Last spring, manufacturers were adding as many as 25,000 jobs a month. In recent months, the average had been closer to 3,000.

News this week that manufacturing activity in the United States fell for the second month in a row set off a stock-market tumble.

With 11.6 million workers, the sector accounts for about 11 percent of the country’s output, but it tends to loom larger in policy debates. Carl Tannenbaum, chief economist at Northern Trust, noted that a key measure of manufacturing activity reflected in a survey by the Institute for Supply Management “has a better track record of being a leading indicator of downturns, so I do think there is something to the hold that it has on confidence.”

A decline in manufacturing hires is likely to fuel anxieties about the economy.

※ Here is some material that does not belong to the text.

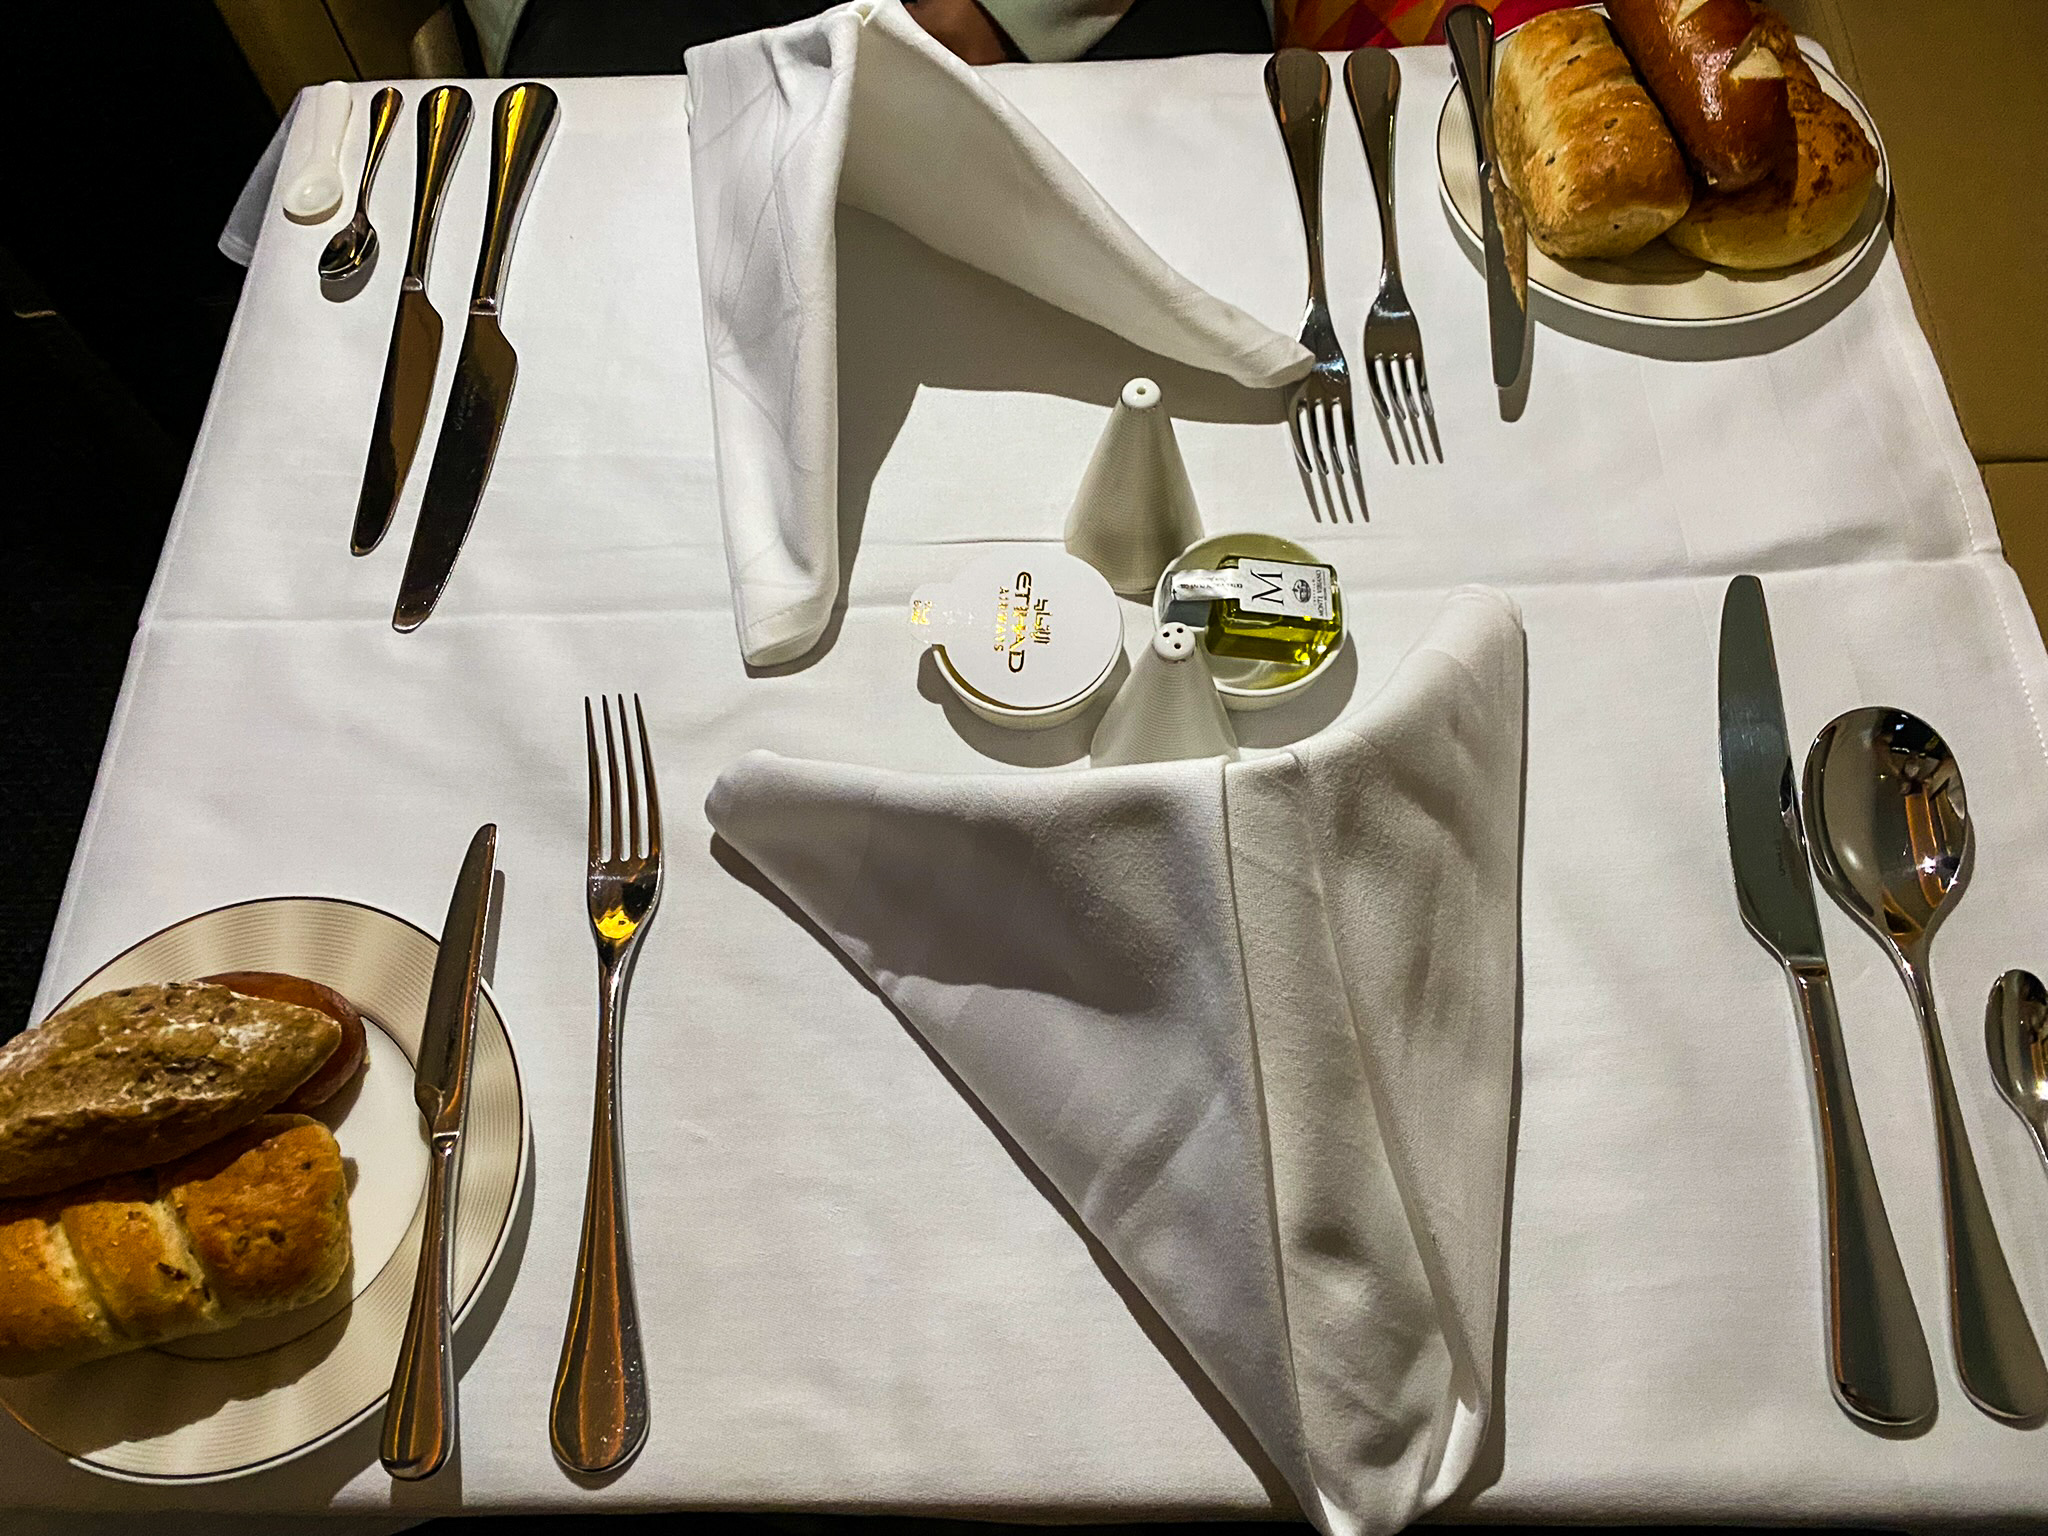 Etihad first class table setting with companion dining

Mr. Powell’s pride in the labor market’s performance is well grounded. The jobless rate has skimmed along near half-century lows. Sidelined workers have been lured from living rooms and classrooms back into the workplace. New applications for unemployment insurance have not risen noticeably in recent months.

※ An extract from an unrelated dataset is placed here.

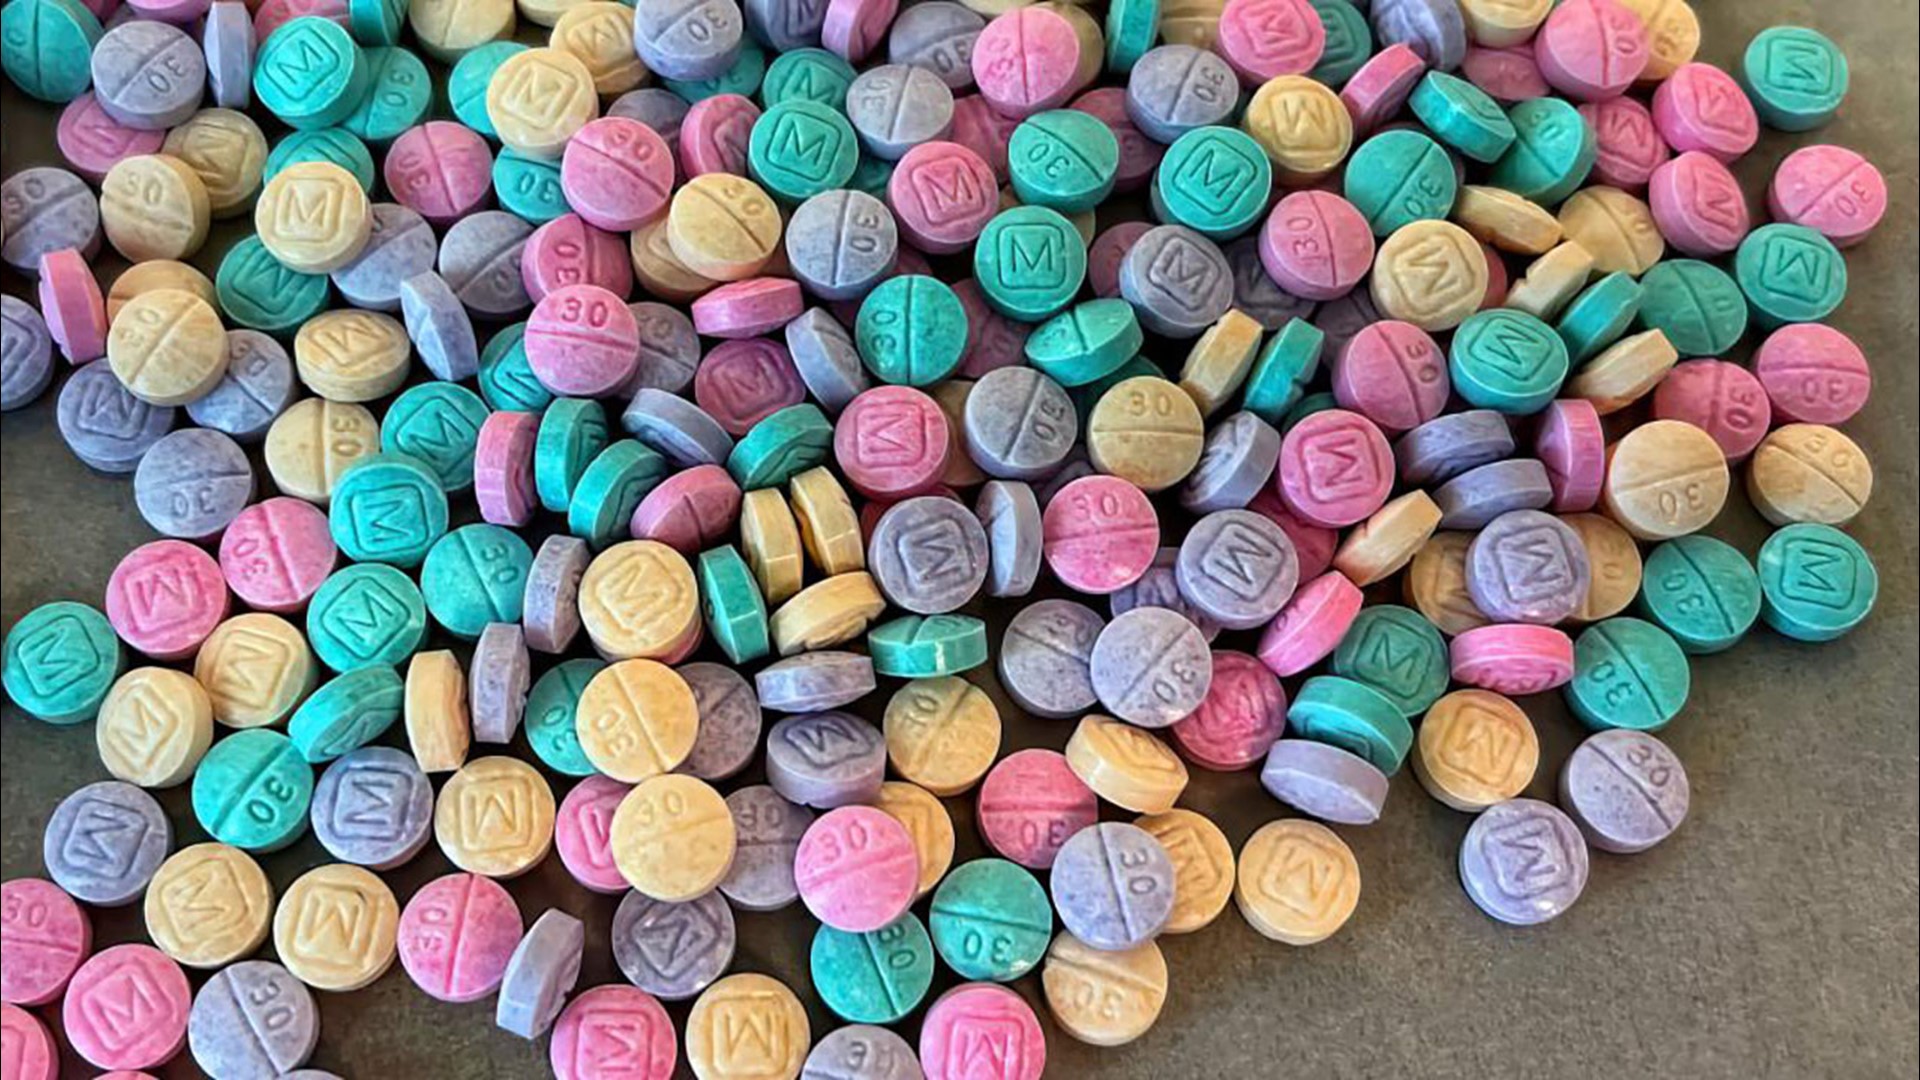 DEA officials are warning the public about "brightly colored fentanyl" pills that are being used to target young Americans.

“One of the best stories about labor market in the last two years is that the job market has done so well, it is now reaching into further corners and providing opportunities to those who had not enjoyed them,” Mr. Tannenbaum said. “This is the way the economy is supposed to work.”

The tight labor market as well as minimum wage increases in several states and cities have helped bulk up paychecks for workers at the lowest end of the salary spectrum. And it means that when some workers, say, in retail lose a job, they have an easier time finding another.